Air Vice Marshal John Beresford Cole-Hamilton,  (1 December 1894 – 22 August 1945) was an airship pilot in the Royal Naval Air Service during the First World War and a senior Royal Air Force commander during the Second World War.

Family
Cole-Hamilton was the younger son of John Isaac Cole-Hamilton and Elinor Bourne Royds. The Cole-Hamiltons descend from Arthur Cole-Hamilton, a younger son of the Irish politician John Cole, 1st Baron Mountflorence, whose eldest son and heir, William, was created Earl of Enniskillen.

Second World War
During the early months of the war, Cole-Hamilton was Commandant at the RAF's School of Army Co-operation. In 1940, he was sent to France, taking up the post of Air Officer Administration on the Air Component of the British Expeditionary Force. Cole-Hamilton received a temporary promotion to air commodore in July 1940. With the evacuation of the British Expeditionary Force, Cole-Hamilton returned to Great Britain. In December, Cole-Hamilton returned to an army co-operation training role, being appointed Air Officer Commanding (AOC) No. 70 (Army Co-operation Training) Group.

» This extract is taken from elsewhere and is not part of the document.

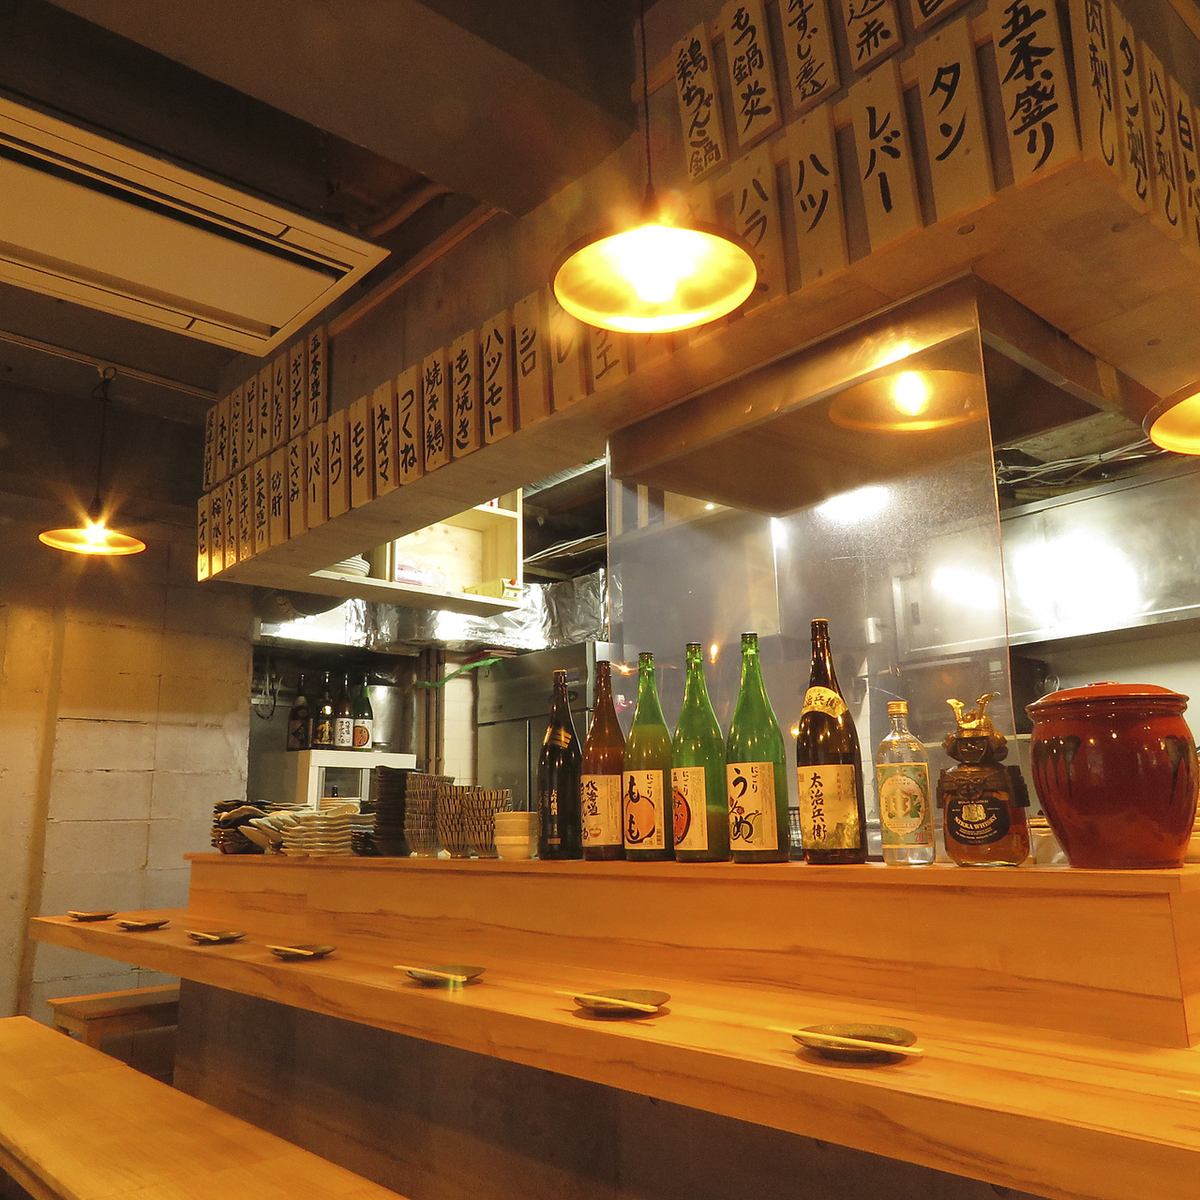 Opened in November! Great location, just a 5-minute walk from Shinjuku Station! Counter seats popular with couples

In November 1941, Cole-Hamilton was appointed AOC of the RAF in Northern Ireland. October 1942 saw Cole-Hamilton appointed AOC of the Air Headquarters in West Africa. Returning to Great Britain in February 1944, he was appointed AOC of No. 85 (Base) Group. In July he became AOC of No. 10 (Fighter) Group and in November he was appointed AOC of No. 11 (Fighter) Group, holding command until July 1945. 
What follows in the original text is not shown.